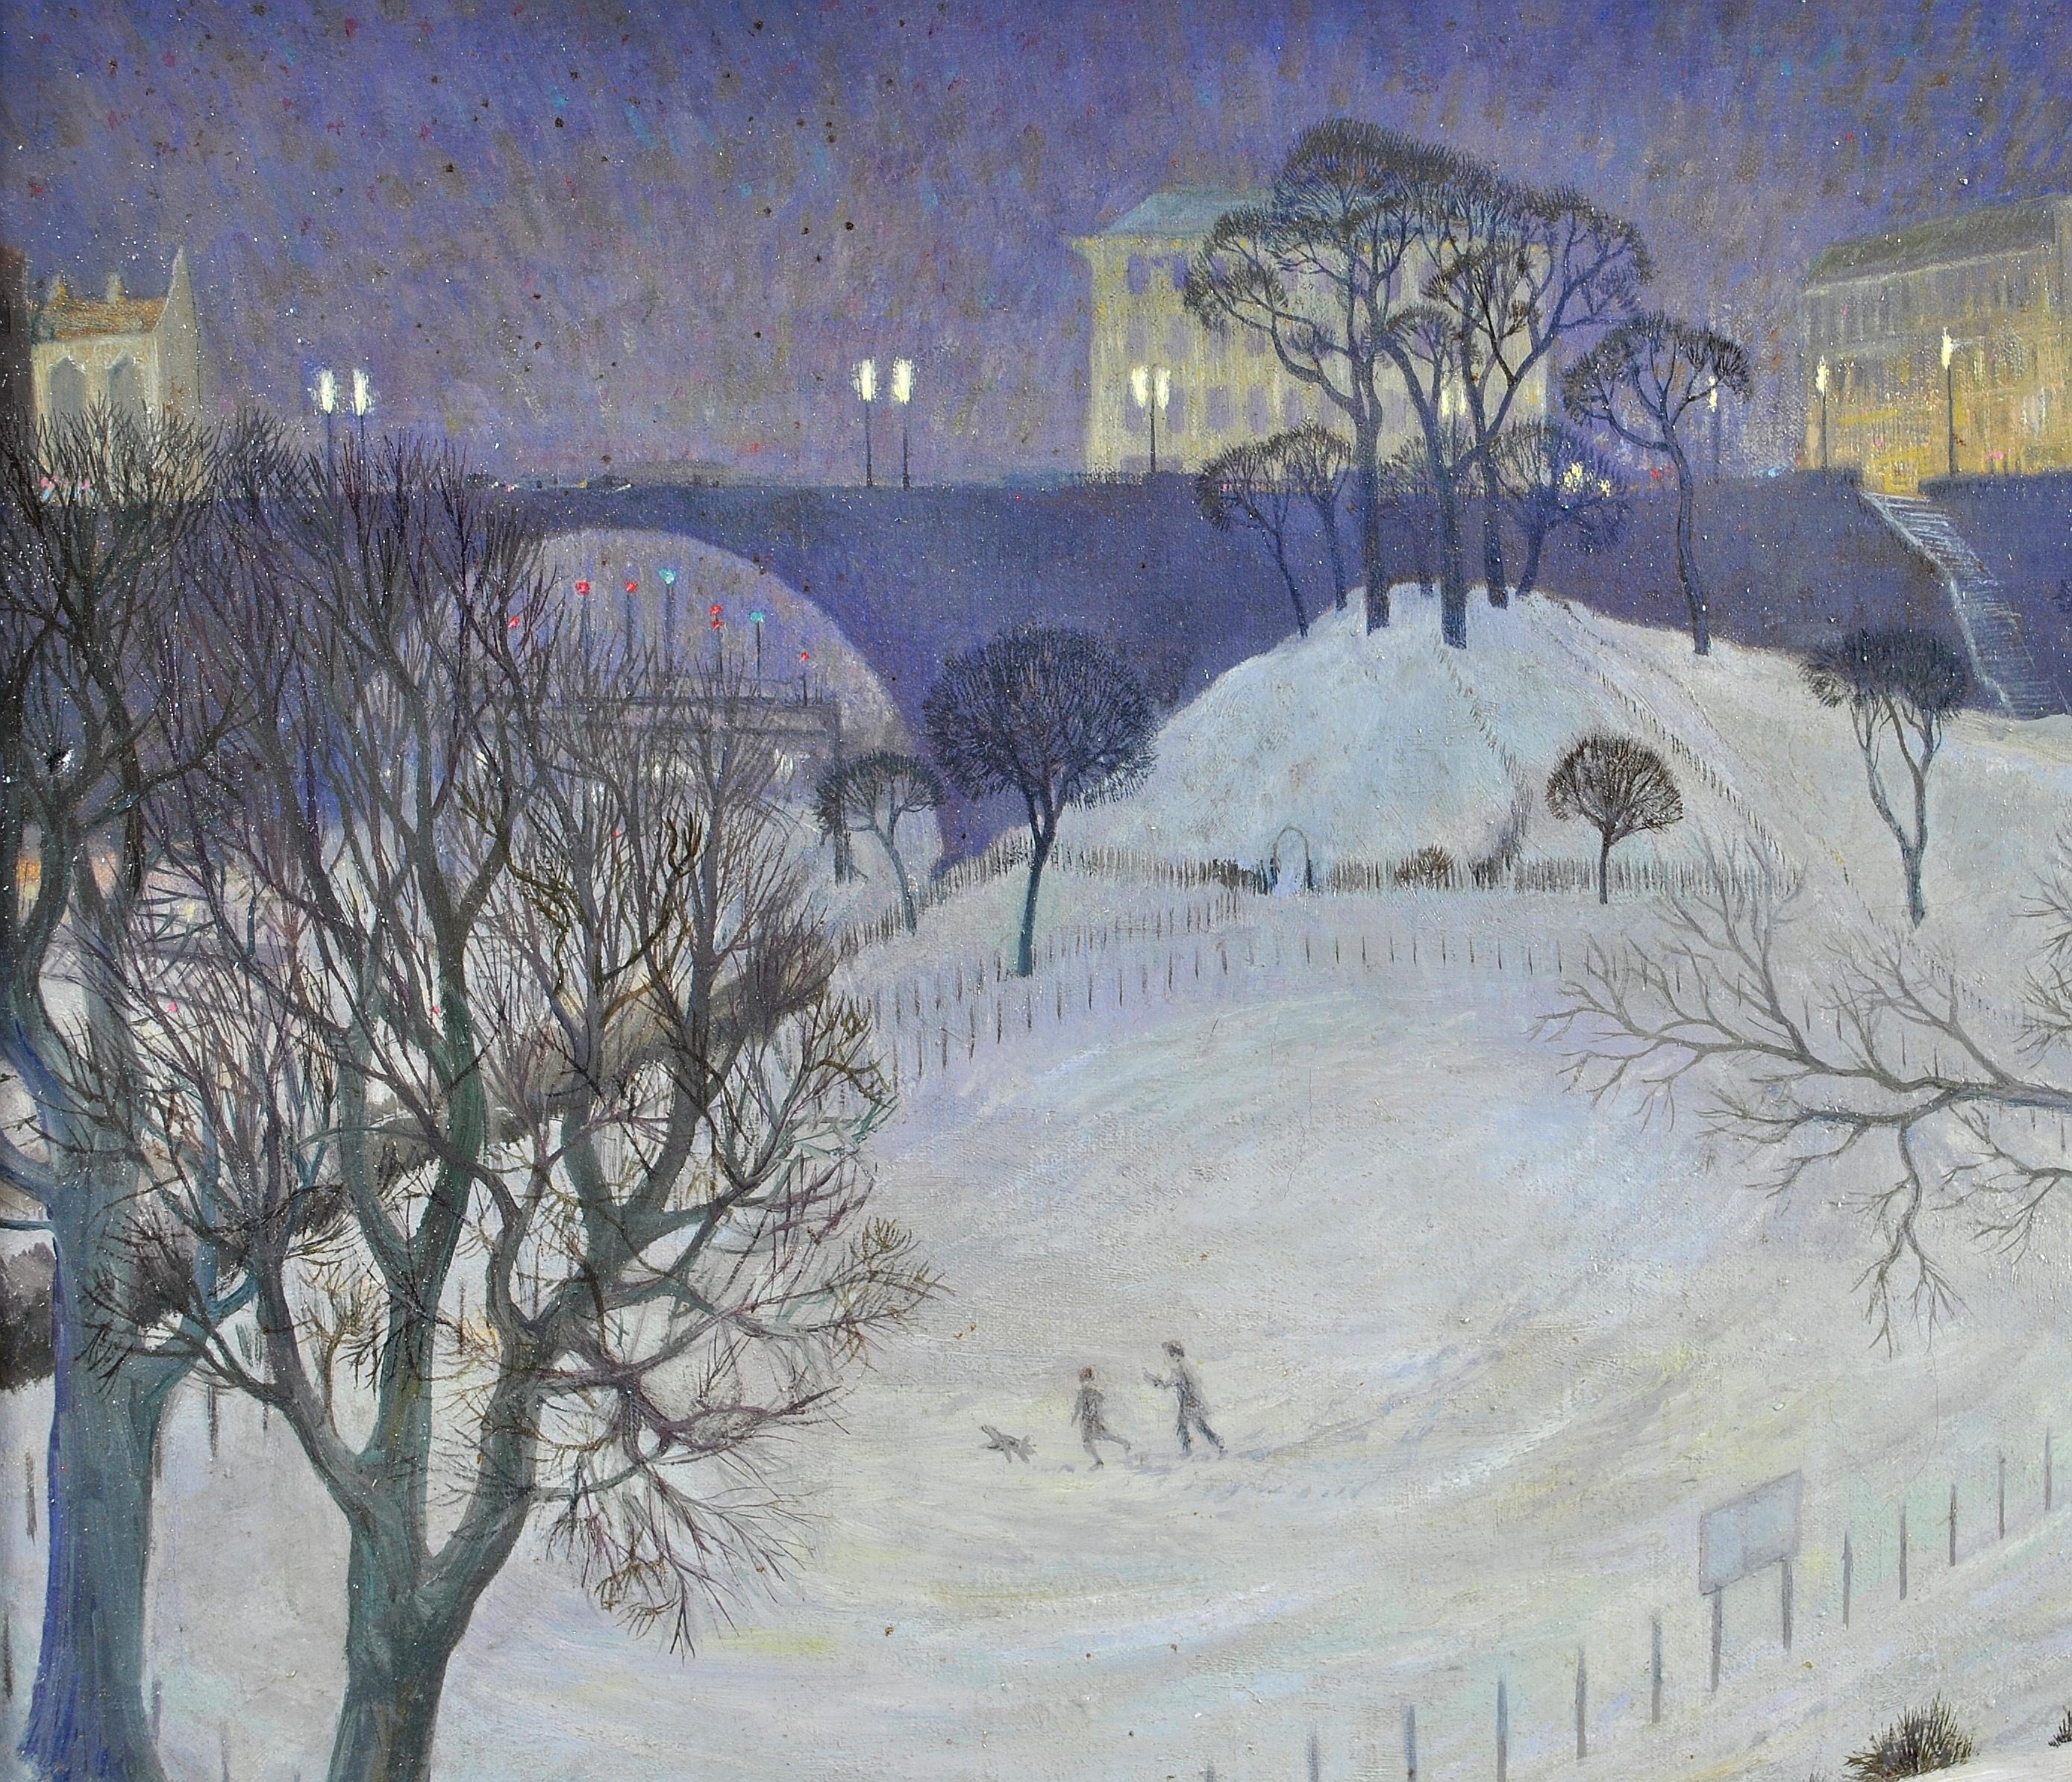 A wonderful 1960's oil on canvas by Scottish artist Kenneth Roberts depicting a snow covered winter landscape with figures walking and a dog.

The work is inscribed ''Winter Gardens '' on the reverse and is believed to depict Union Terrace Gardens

...

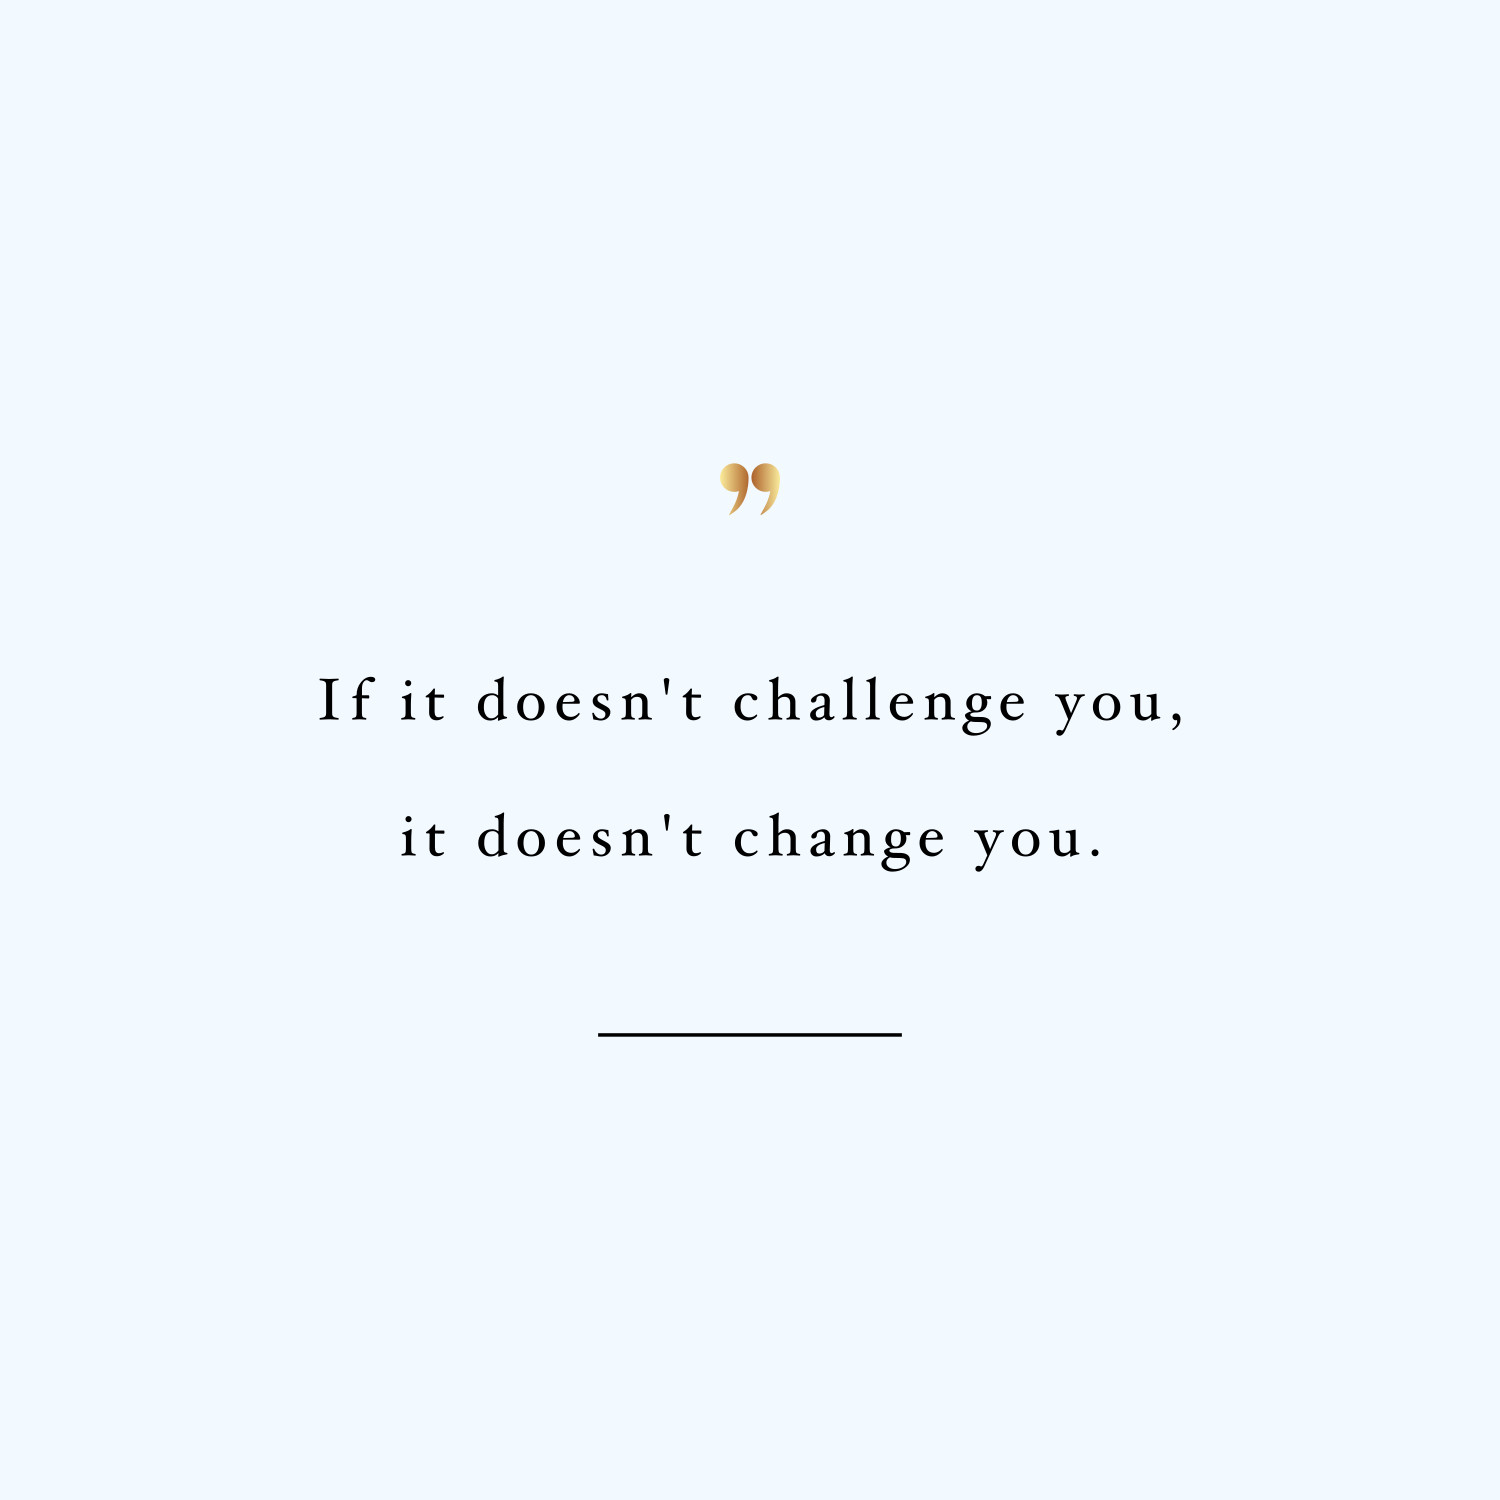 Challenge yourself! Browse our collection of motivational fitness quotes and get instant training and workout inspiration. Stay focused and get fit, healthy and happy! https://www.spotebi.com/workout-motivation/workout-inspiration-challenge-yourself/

==

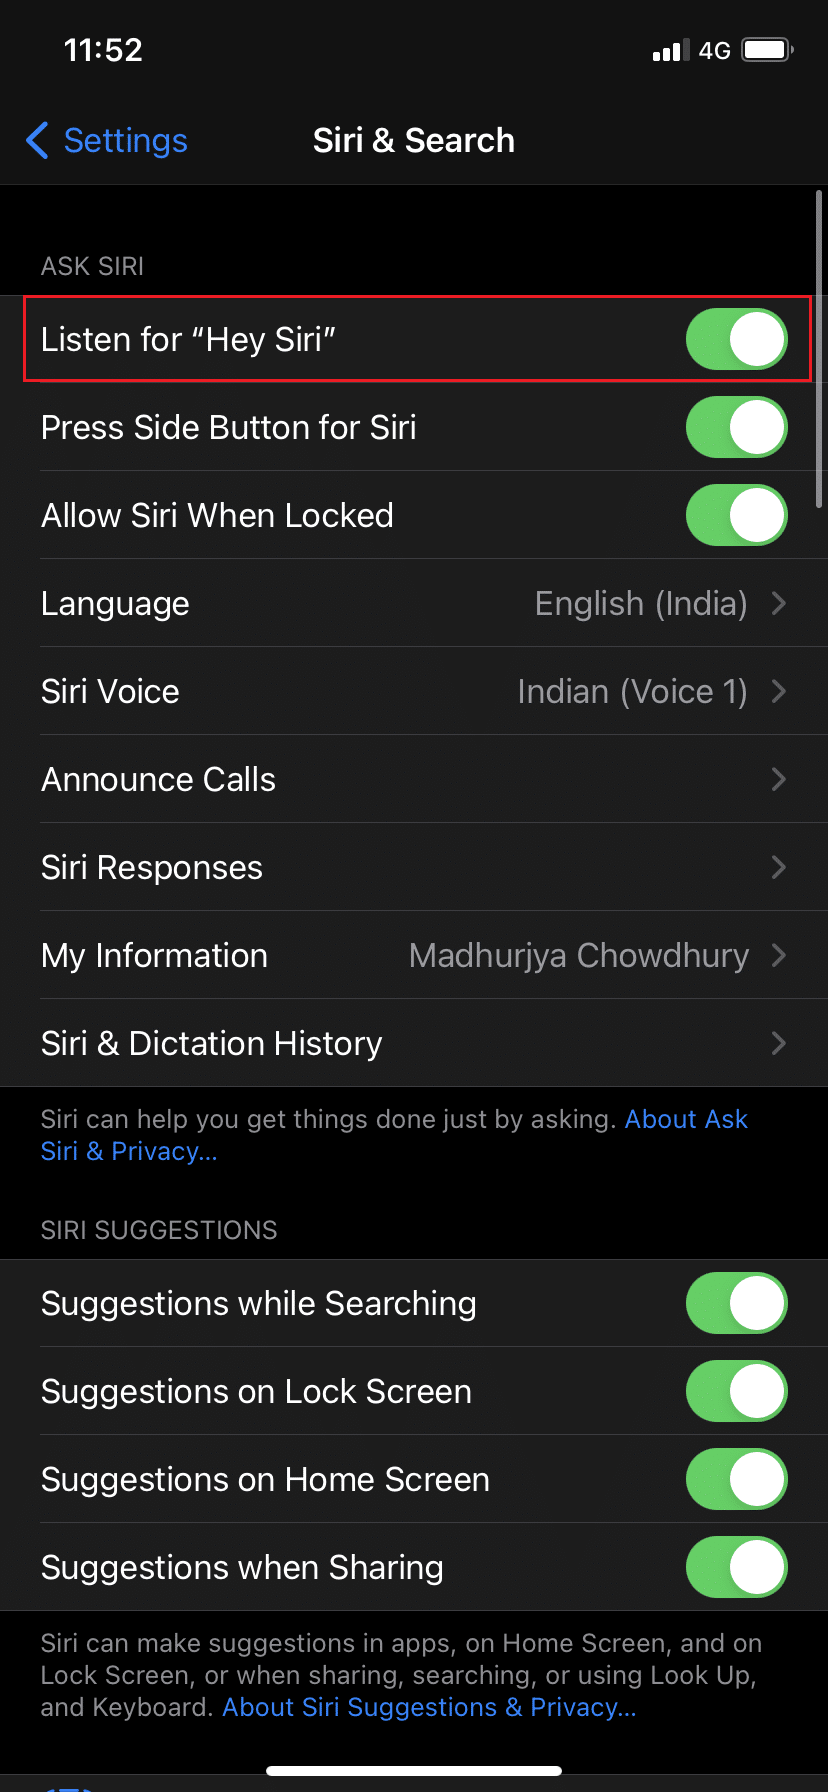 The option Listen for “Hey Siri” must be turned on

EXERCISE OBJECTIVE ▸
Within the listing above, the lines from the one with "A wonderful 1960's" through the one with "The work is" are to be given again word for word. Do not include pictures.

SOLUTION FOR THIS PROBLEM ▸
 A wonderful 1960's oil on canvas by Scottish artist Kenneth Roberts depicting a snow covered winter landscape with figures walking and a dog.

The work is inscribed ''Winter Gardens '' on the reverse and is believed to depict Union Terrace Gardens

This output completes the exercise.